You can pass the benchmark program one or more of the following arguments: u32, s32, u64, s64 to compare libdivide's speed against hardware division. benchmark tests a simple function that inputs an array of random numerators and a single divisor, and returns the sum of their quotients. It tests this using both hardware division, and the various division approaches supported by libdivide, including vector division.
It will output data like this:
# system scalar scl_bf vector vec_bf gener algo 1 9.684 0.792 0.783 0.426 0.426 1.346 0 2 9.078 0.781 1.609 0.426 1.529 1.346 0 3 9.078 1.355 1.609 1.334 1.531 29.045 1 4 9.076 0.787 1.609 0.426 1.529 1.346 0 5 9.074 1.349 1.609 1.334 1.531 29.045 1 6 9.078 1.349 1.609 1.334 1.531 29.045 1 ...
It will keep going as long as you let it, so it's best to stop it when you are happy with the denominators tested. These columns have the following significance. All times are in nanoseconds, lower is better.
#: The divisor that is tested system: Hardware divide time scalar: libdivide time, using scalar division scl_bf: libdivide time, using scalar branchfree division vector: libdivide time, using vector division vec_bf: libdivide time, using vector branchfree division gener: Time taken to generate the divider struct algo: The algorithm used.

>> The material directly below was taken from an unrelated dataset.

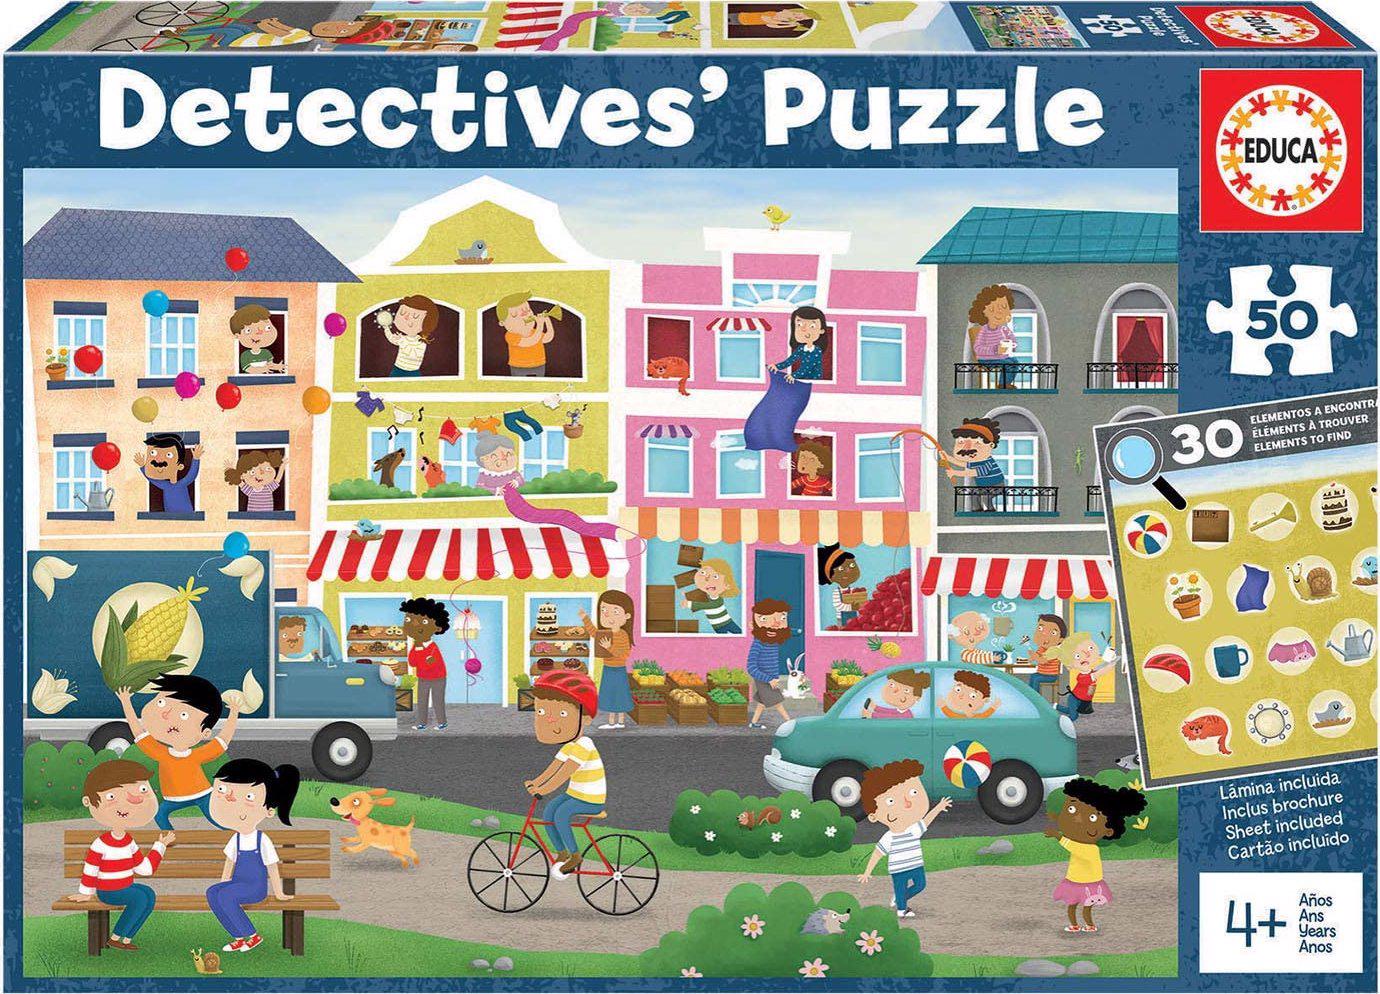 Puzzle Detectives Busy Town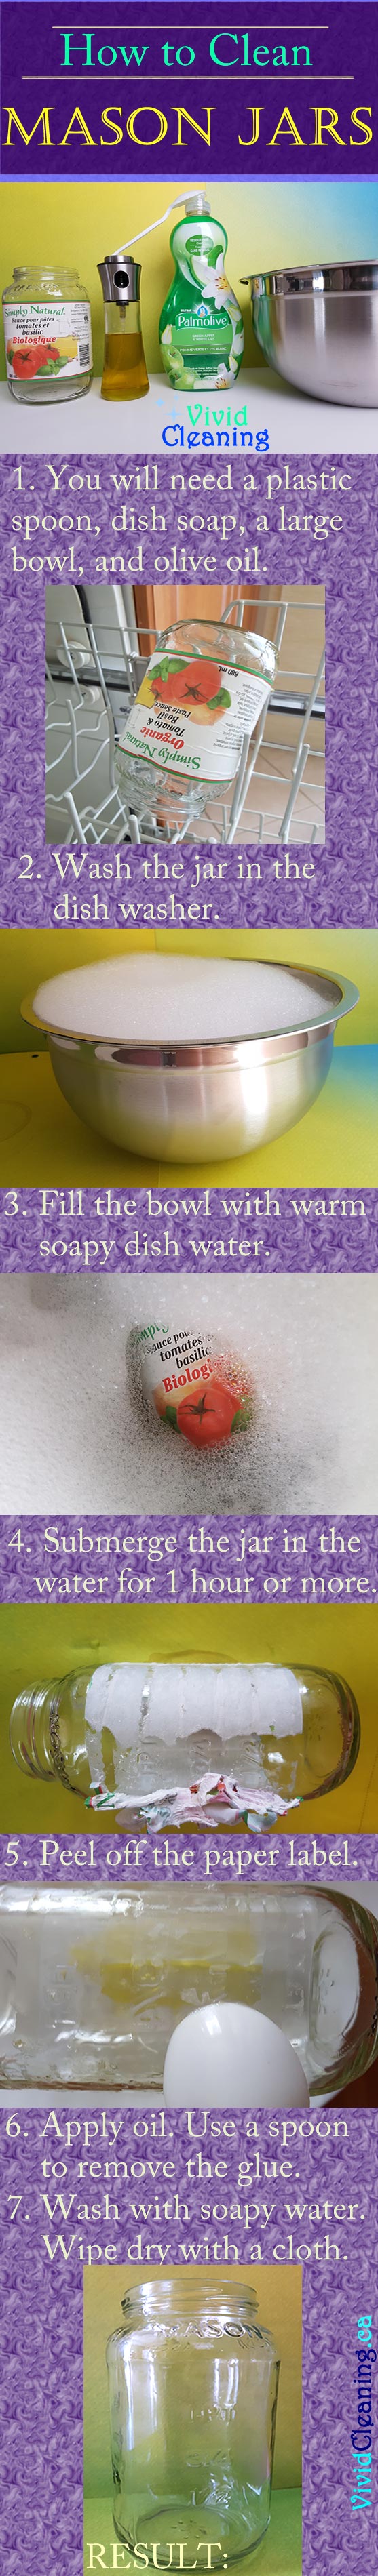 You will need a plastic spoon, olive oil, dish soap and a large bowl. First, wash the mason jar in the dish washer. This will help remove food remains. Fill a large bowl with warm soapy dish water. Submerge the mason jar in it and make sure that the label is fully submerged. Leave this for 1 hour or longer.

The benchmark program will also verify that each function returns the same value, so benchmark is valuable for its verification as well.
We currently do not have automated testing! Hence, before sending in patches, it would be nice if you compiled your new code at high warning levels using at least MSVC and GCC (or Clang). Also run the tester program to verify correctness and the benchmark programs to ensure you have not introduced any performance regressions.